Tuesday, March 13, 2012

viva hate / listen with prejudice



in this Critical Beats panel discussion from Feb 23 on the subject of Aesthetics, Innovation and Tradition (w/ Lisa Blanning, Joe Muggs, and moderator Steve Goodman aka Kode9), Stevie G starts by asking us each about our listening methodology, how we look out for and define innovation in what we're hearing. And I riff a bit about listening for a strong feeling or a strong idea, or both... move onto Fredric Jameson's A Singular Modernity re. the modernists's obsession with measurement (a metric for innovation and newness) and re. the modernist drive towards negation: decreeing things to be passe, superceded, no longer contributing to the Advance of Art. And I close by adlibbing a riff about the Court of Aesthetic Judgement and how being a stern, severe judge is necessary in an age of overload and sonic overproduction because there's a great need to thin things out, clear some space, decide what's essential and what's inessential. In a real court the presumption is "innocent until proven guilty", whereas in my Court of Aesthetic Judgement, the presumption is "boring and irrelevant until proven otherwise".

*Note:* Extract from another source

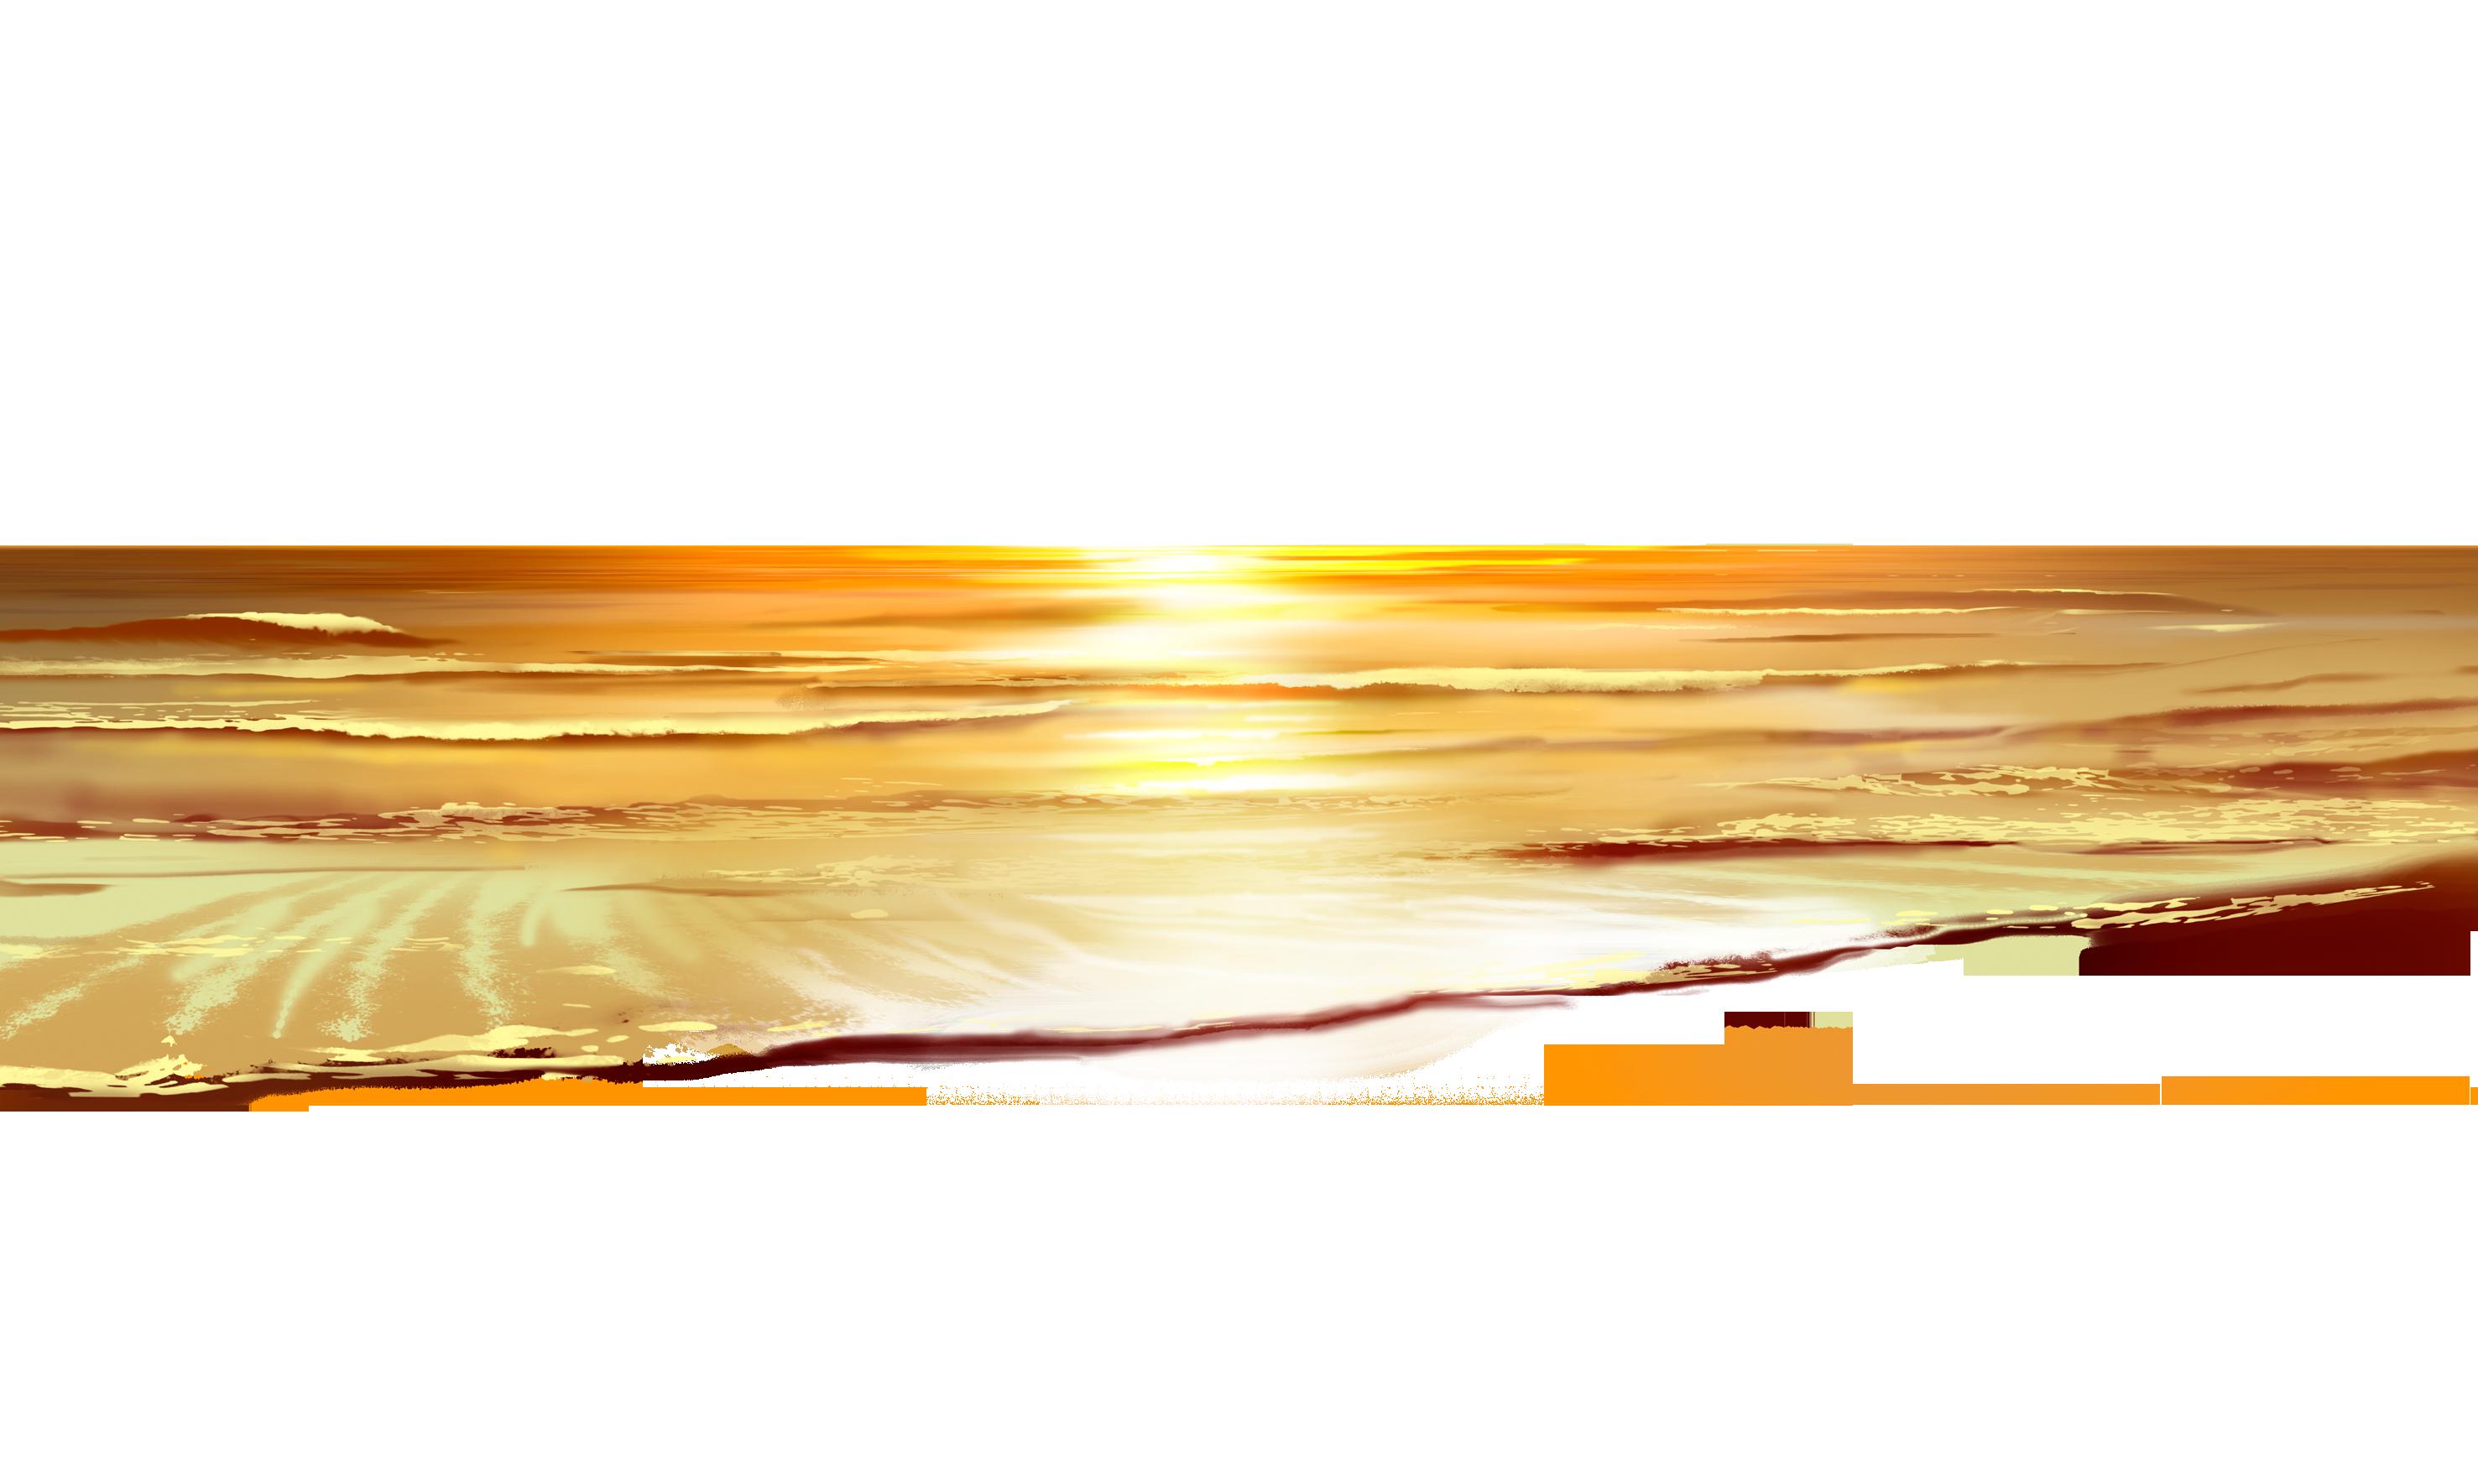 Sea sunset png pinterest. Ocean clipart ground
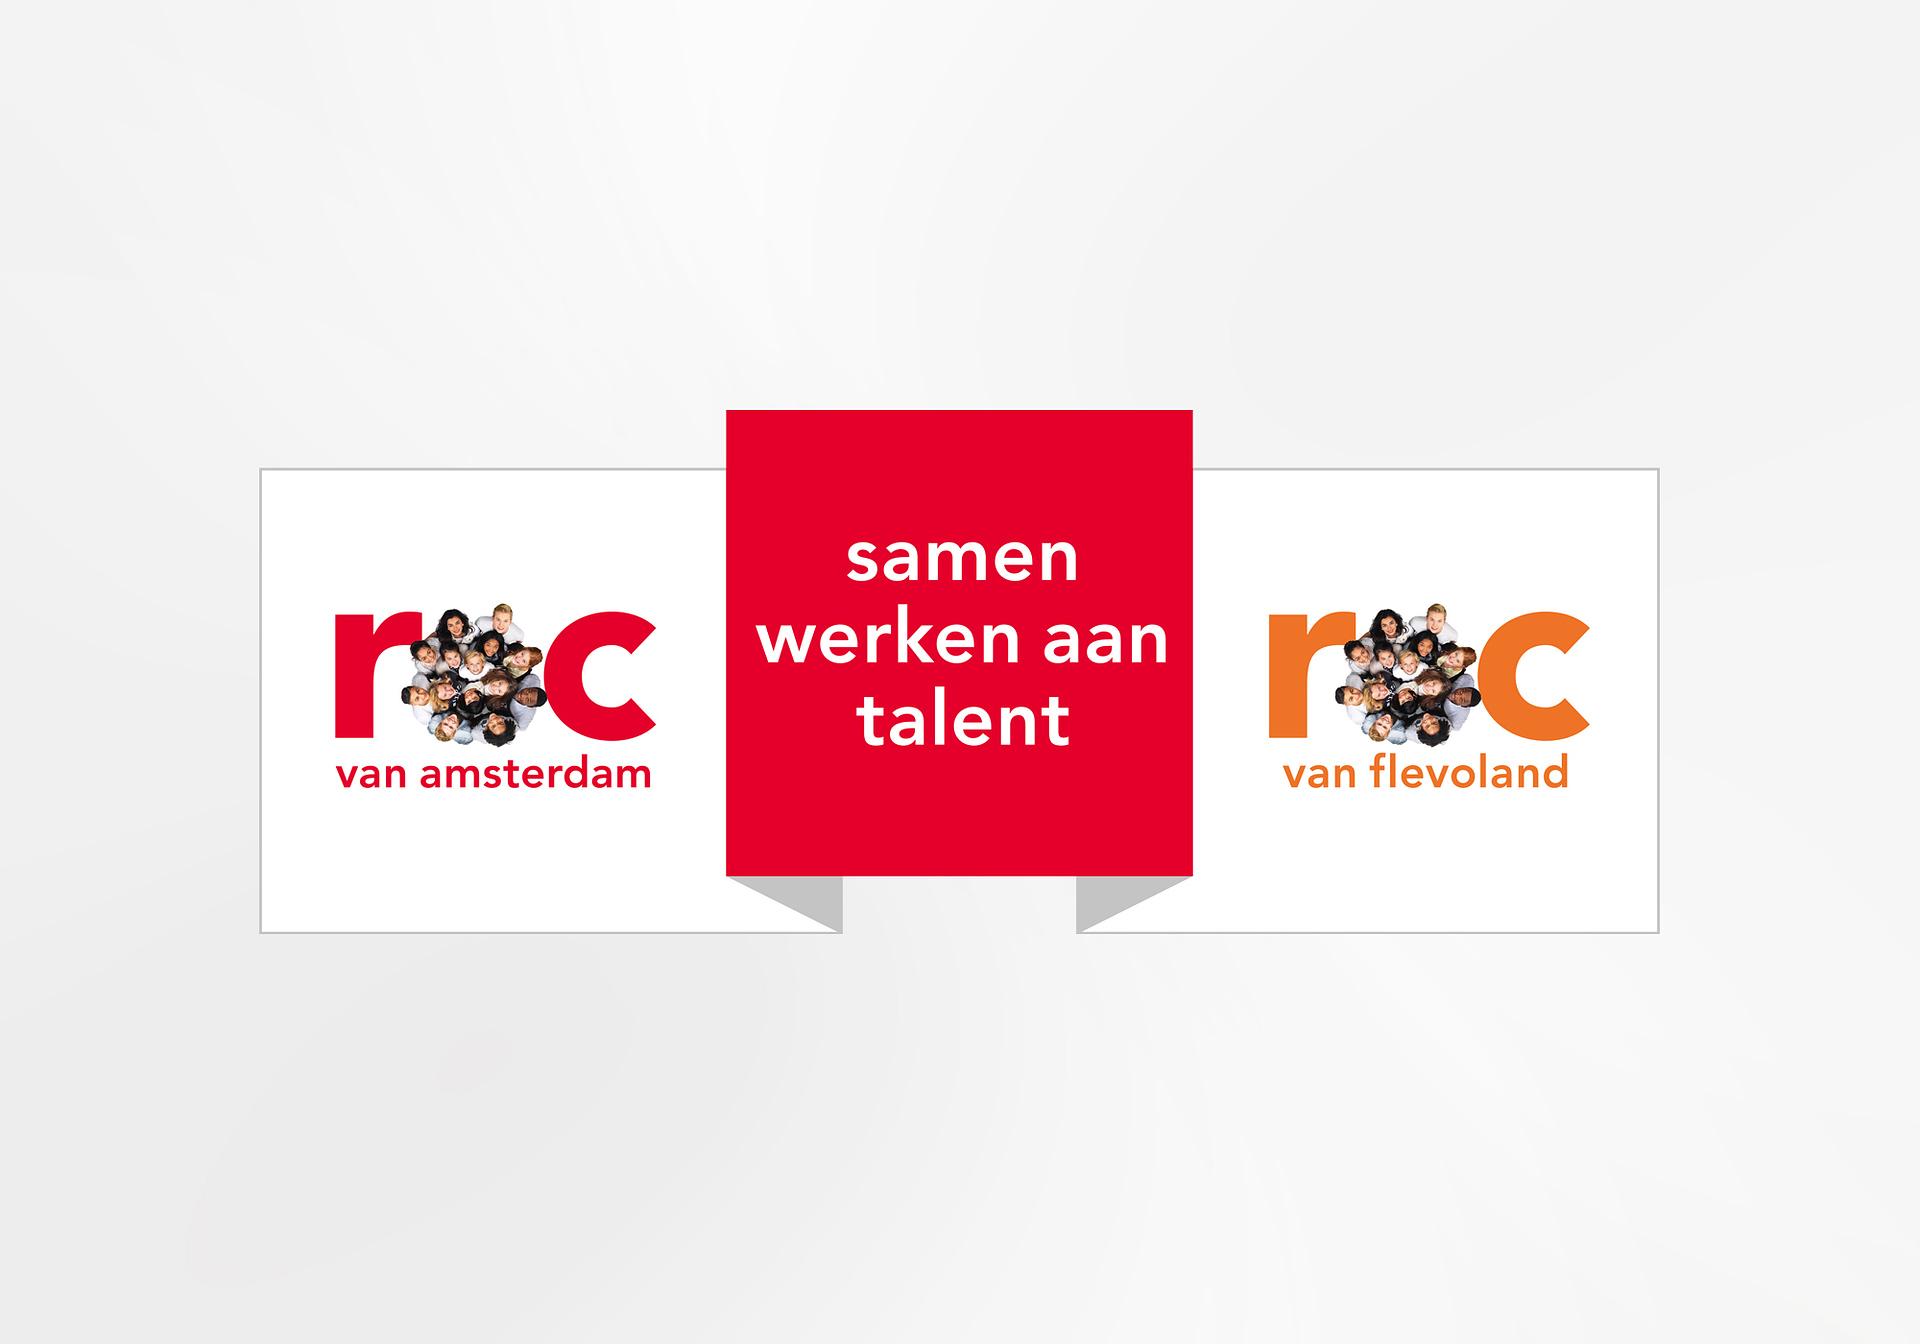 ROC van Amsterdam & Flevoland

well i realised later that this is an idea i'd riffed before, slightly differently, in this 2009 blissblog post in response to something Carl Neville at the Impostume had written:

"thinking again about Carl's talk about needing to have "some broad operative criteria in order to be able to navigate the vast reaches of modern music consumption/production", how "I suspect that there’s even a certain moralistic aspect thrown in. I tend to approve of records I enjoy", I realised that in a sense what he's talking about is the necessity of having a cop in your head. Because the cop in your head is your friend; the cop in your head is you. It's a system of judgement that serves to protect you from the torrential barrage of trifle and ordure that is the entertainmentscape. (The problem with popism: it's no cop).

I'm talking about a kind of aesthetic super-ego... Most people will start with an inherited one... prejudices and biases, values and aversions that are assimilated from their immediate environment (family, friends, school, etc)...later from the media or from subcultures they might join. (That's what the Big Other is, am I right?... a collective super-ego... I ask because all I know of Zizek is osmosed via K-punk!). The goal is to create your own aesthetic/cultural super-ego... maintain and modify it... not eliminate it altogether. (People who try just end up with another super-ego: "Thou Shalt Not Listen to Indie"... you can even turn eliminating the Big Other into just another Big Other...) Having a filter, it's essential, a matter of survival, of effective time-management
. "

I'm nothing if not consistent.

And as I said in the Critical Beats thing, I got this mindset not from reading modernist manifestos and art criticism, but from the UK music press.. the punk/Burchill-ite presumption that 99 percent is shit... the structural requirement of the Singles Page as Herculean ordeal, where you review 20 singles, out of which 15 are slagged or damned with faintest praise, but to get to that 20 you have to listen to 60 singles in a grim all-day, all-of-the-night session... thinning down that week's pile of hopeful contenders who've come forth hoping for attention and praise... you get toughened up real quickly, hard-hearted, just impatient with time-wasters... that's never left me really.

but i don't really listen with prejudice... my only prejudice is an aversion to the heard-it-before, the blatantly derivative, the mildly tinkered-with... i'm prejudiced against boredom

But talking about consistency, for those who find Retromania curmudgeonly, you should read the stuff I wrote in the mid-Eighties for Monitor, when I was 22 or 23... gloomy surveys of the then-Now like "What's Missing"... basically my default position is dissatisfied: the psychology is bipolar, a violent oscillation between manic and depressive.